Now, simply “connect one more dot” to complete the overall pattern of hate.
Haj Amin Al Husseini, the former grand mufti of Jerusalem, had a well-documented relationship with the Third Reich, to include personal relationships with Hitler, Heinrich Himmler, Joachim Von Ribbentrop, and Adolph Eichmann. During World War II, the mufti journeyed to Nazi Germany where he personally asked Adolf Hitler to invade British-ruled Palestine and rid it of Jews. He then spent the rest of World War II as Hitler's special guest in Berlin, advocating the extermination of Jews in radio broadcasts back to the Middle East and recruiting Balkan Muslims for infamous SS "mountain divisions" known as the Handjar (Sword), that tried to wipe out Jewish communities throughout the region. Husseini's men attended SS training courses and visited Sachsenhausen. He visited Nazi concentration camps with Heinrich Himmler, Head of SS. When the war ended, Husseini was arrested in France, but in June 1946, he escaped and made his way to asylum in Egypt.
There he made his nephew, the young Mohammed Abdel-Raouf Arafat As Qudwa al-Husseini, then living in Cairo, his personal protégé.
The mufti eventually died in exile in 1974. His place as leader of the radical, nationalist Palestinian Arabs had already been secured by his nephew, Mohammed Abdel-Raouf Arafat As Qudwa al-Husseini, better known to us today as “Yasser Arafat.”
The nephew of the Nazi-collaborating mufti apparently learned his lessons well. In August 2002, Arafat gave an interview in which he referred to "our hero al-Husseini" as a symbol of Palestinian Arab resistance.
And so, the now-departed Arafat’s personal quest to destroy the Jewish presence in the Middle East began as an Egyptian terrorist long before the state of Israel (or “the Palestinian people”) came into existence. On his murderous path to winning the Nobel Prize for Peace, he successfully brought terrorism to world attention, pioneering the innovation of hijacking and blowing up airplanes in the 1970's. As a direct result of his lifelong anti-Zionist campaign, hundreds of innocent men, women, and children from all over the world were slaughtered for the achievement of his political objectives.
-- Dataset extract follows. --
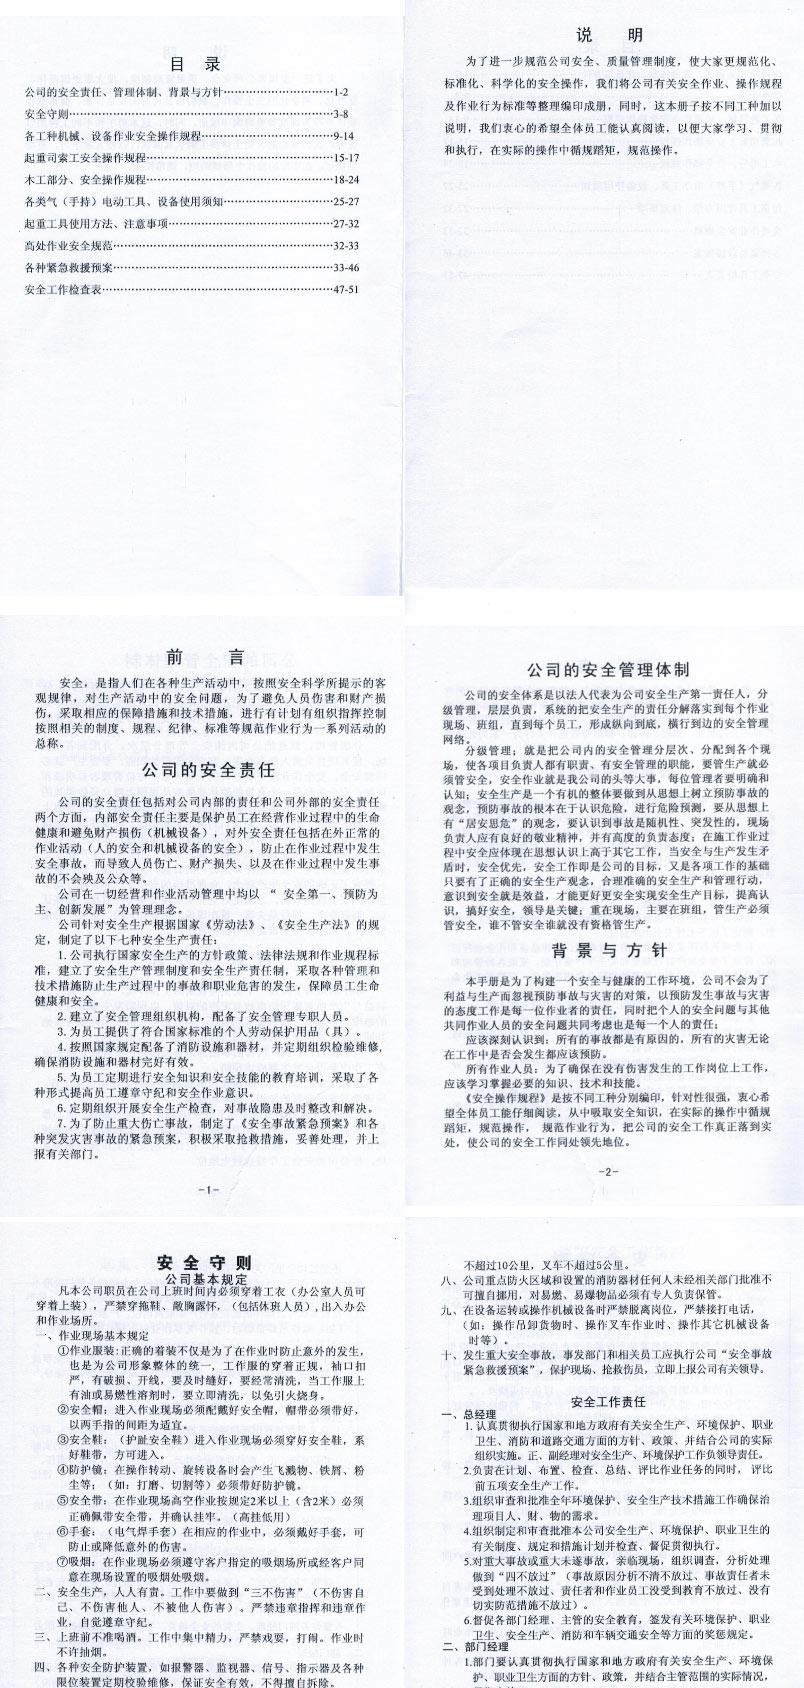 安全手册-安达利机电bob手机工程有限公司_01.jpg

Now, Osama bin Laden, Mahmoud Ahmadinejad, and the leaders of global Islamic terrorist groups, inspired and encouraged by the imams of the Arab world, build on the foundation built by Arafat. And so, it can be argued, that Arafat, based upon the lesser known facts of the historical record, built on Hitler’s foundation. And Hitler, of course, built on earlier long-standing antisemitic precedent.
But that’s another true story, best saved for another day.